GAJAS DO MEU PAÍS. No meu país de senadores, medalhados e reformados (ou com subvenções vitalícias) podem passar-se semanas sem que haja qualquer coisa de substancial a acrescentar à pequena modorra. Mas o problema não é nosso - é geral. Uma onda de covardia e de senilidade, ao mesmo tempo, toma conta da Europa. Esta semana, prefiro deixar a política entregue aos seus. Distingo, por isso, uma mulher corajosa. Não foi medalhada pelo sr. presidente da República e duvido que algum dia o fosse, a avaliar pelos seus magnos e indiscutíveis critérios - e duvido que se trate de assunto de medalhas.
Há cerca de dois anos, procurando aqui e ali, entre os melhores textos de Língua Portuguesa disponíveis na Internet, acabei por ficar rendido a uma série de blogs brasileiros. O que era mais surpreendente a grande qualidade da sua língua, a grande imaginação do seu texto. O que era mais comovente: eram pouco, muito pouco conhecidos. Entre eles estavam blogs como "Nibelunga do Cabelo Duro", "Megeras Magérrimas", "Drops da Fal" ou "Caderno Lilás", por exemplo. Só um ano depois, para grande surpresa minha, apareceram blogs portugueses femininos de qualidade comparável.
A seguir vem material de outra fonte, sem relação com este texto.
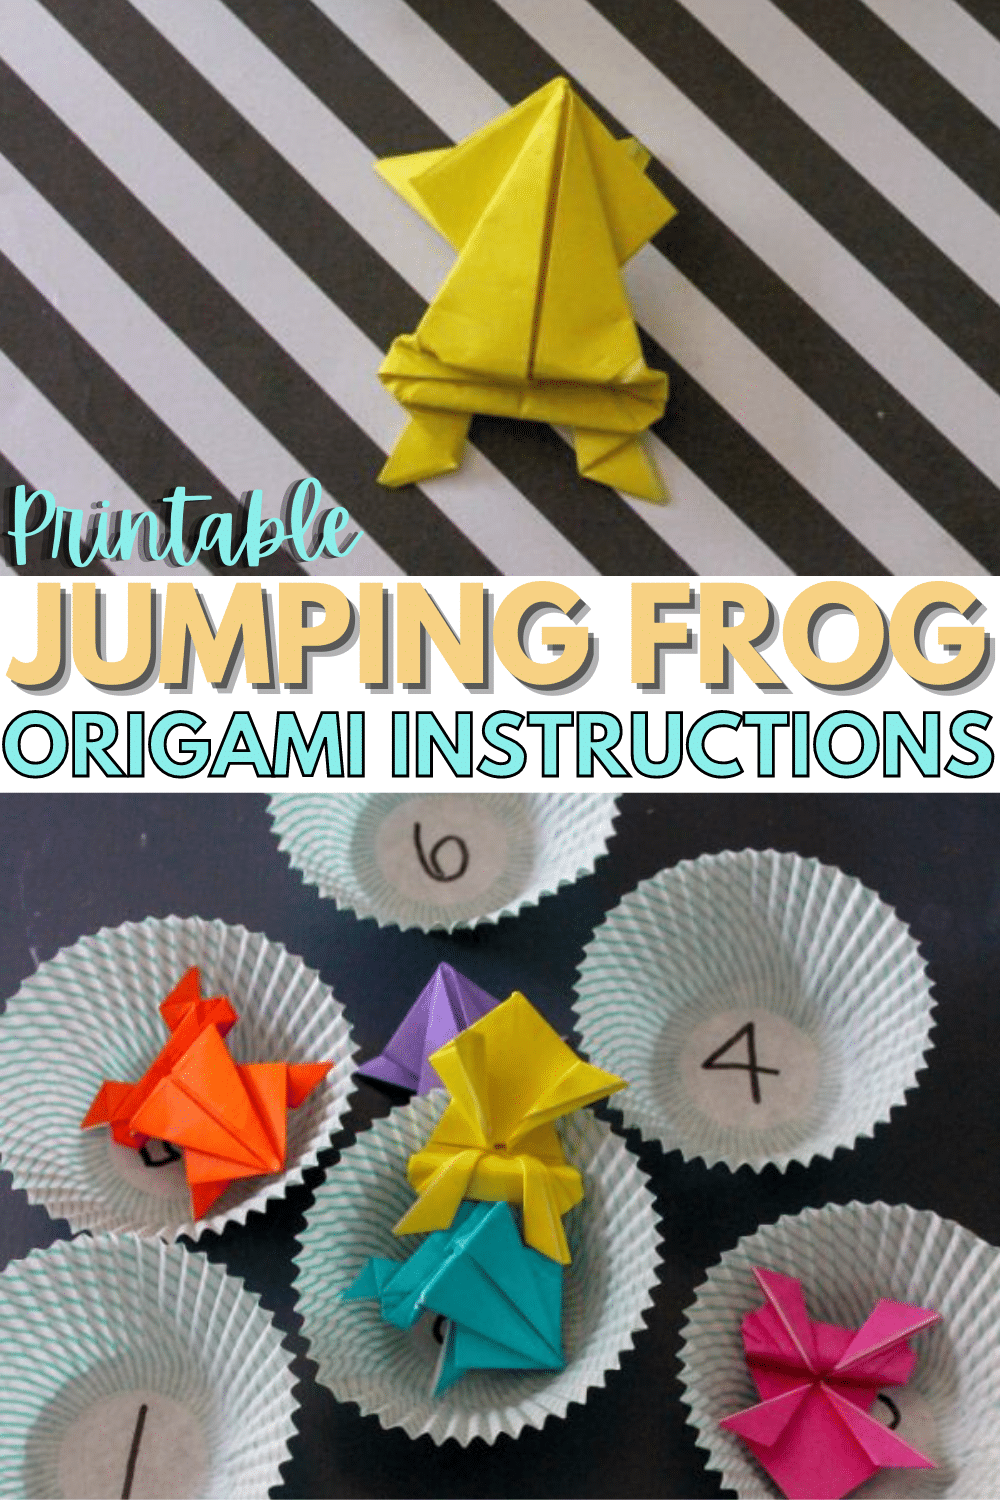 These jumping origami frog instructions are easy to follow and your whole family can have fun playing games with these little paper frogs. #origami #printables #paperfolding via @wondermomwannab
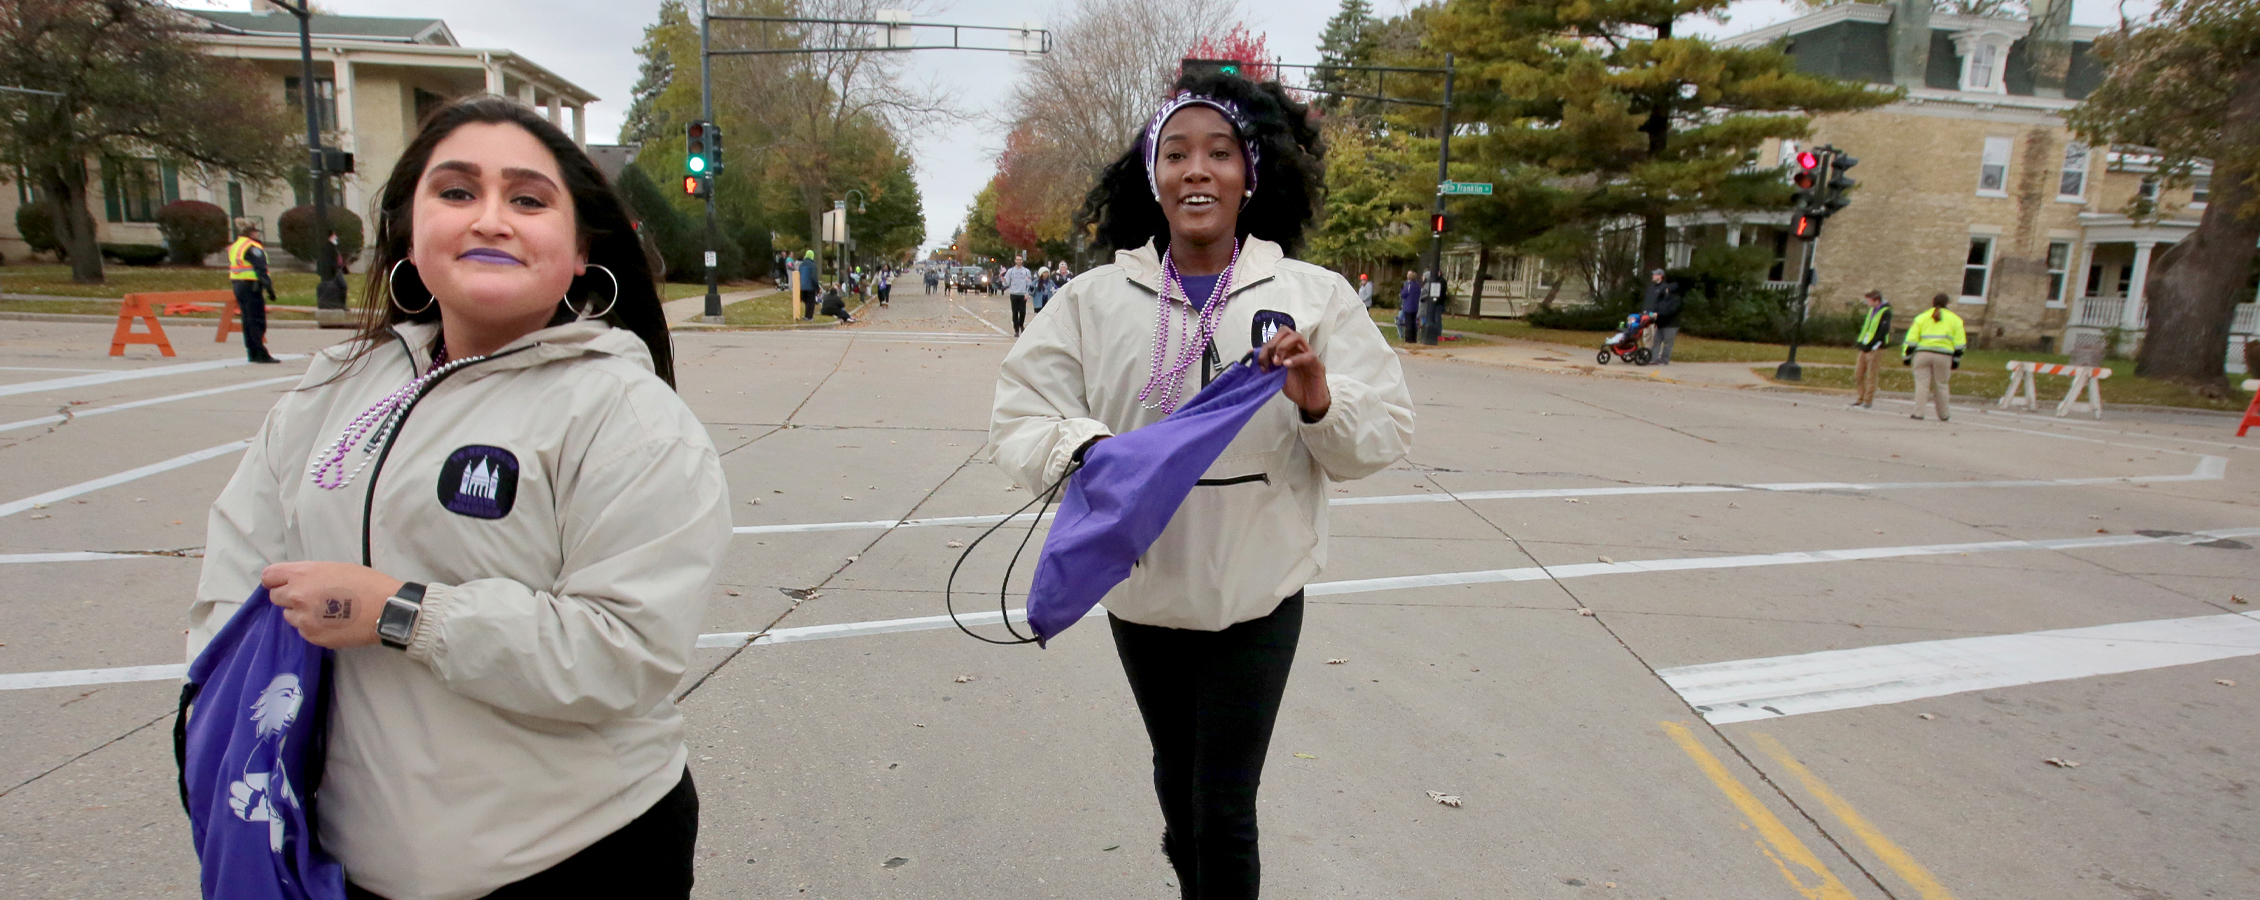 Two students participate in community events as they walk down the street.

Entre eles estavam e estão, certamente, "Bomba Inteligente", "Xanel Cinco", "O Meu Moleskine", "Diotima", "Vieira do Mar", a participação feminina no "Blogame Mucho" ou "Rititi". Ao leitor ou à leitora que não estejam atentos, recomendo que vão à net e procurem.
Rititi é pseudónimo de Rita Barata Silvério, que acaba de publicar um livro com alguns textos do seu blog (leva o título "O livro da Rititi", edição Oficina do Livro). No meu país envergonhado e lírico, nostálgico e - no entanto - pouco romântico e pouco corajoso, "O livro da Rititi" é mais do que um conjunto de textos sobre a vida que passa. É o retrato da nova mulher portuguesa. Podemos não gostar muito do retrato, mas é o retrato de uma mulher corajosa que não se reduz ao seu papel de mulherzinha, nem vibra com a magra condição da "mulher de dentro de casa" ou da condenada à solidão das bibliotecas. Esta é uma "mulher furiosa" (que, por apenas coincidência, vive entre Espinho, Lisboa, Estremoz e Madrid), cuja linguagem não é amena nem educada pela literatura das mulheres.
O que representa a Rititi? Um mundo que colocaria os homenzinhos em sentido. Um mundo que a covardia portuguesa, feita de muita literatura e de umbigos enormes, não autorizaria. O mundo da Rititi é o das mulheres que não são "as nossas mulheres portuguesas" oprimidas pelo fascismo ou enquadradas pelo alto moralismo da Esquerda. Ligeireza e superficialidade, sexo e desbragamento, coragem e romantismo, álcool e casamento, família tradicional e comida com calorias – este é o mundo da Rititi, luminoso e frontal, malcriado e arrogante, delicioso, cheio de humor, culto, politicamente à Direita, anarquista e anárquico, solidário com o sofrimento, mas sem o "nenhenhém" lírico e palavroso da caridade moral das nossas letras.
De Portugal, Rititi tanto fala da maravilhosa luz de Lisboa e da "francesinha" comida num restaurante de Espinho, como da fealdade dos políticos e do absurdo do IP5, da falta de dignidade dos homens e do ridículo provincianismo cultural das mulheres.
Ah, não gostam do retrato? Tanto pior. "O Livro da Rititi" é uma afronta à mediocridade do feminismo (que detesta a palavra "gajas") e à "superioridade moral" dos nossos sacerdotes da cultura. Está cheio de vento, de amor, de violência, de riso, de sarcasmo, de uma magnífica Língua Portuguesa que nunca trai esse novo sentimento português, que já não é trágico nem tem bigode ou pais da pátria para venerar. Leiam, leiam. Homens, tremam. Mulherezinhas, aprendam.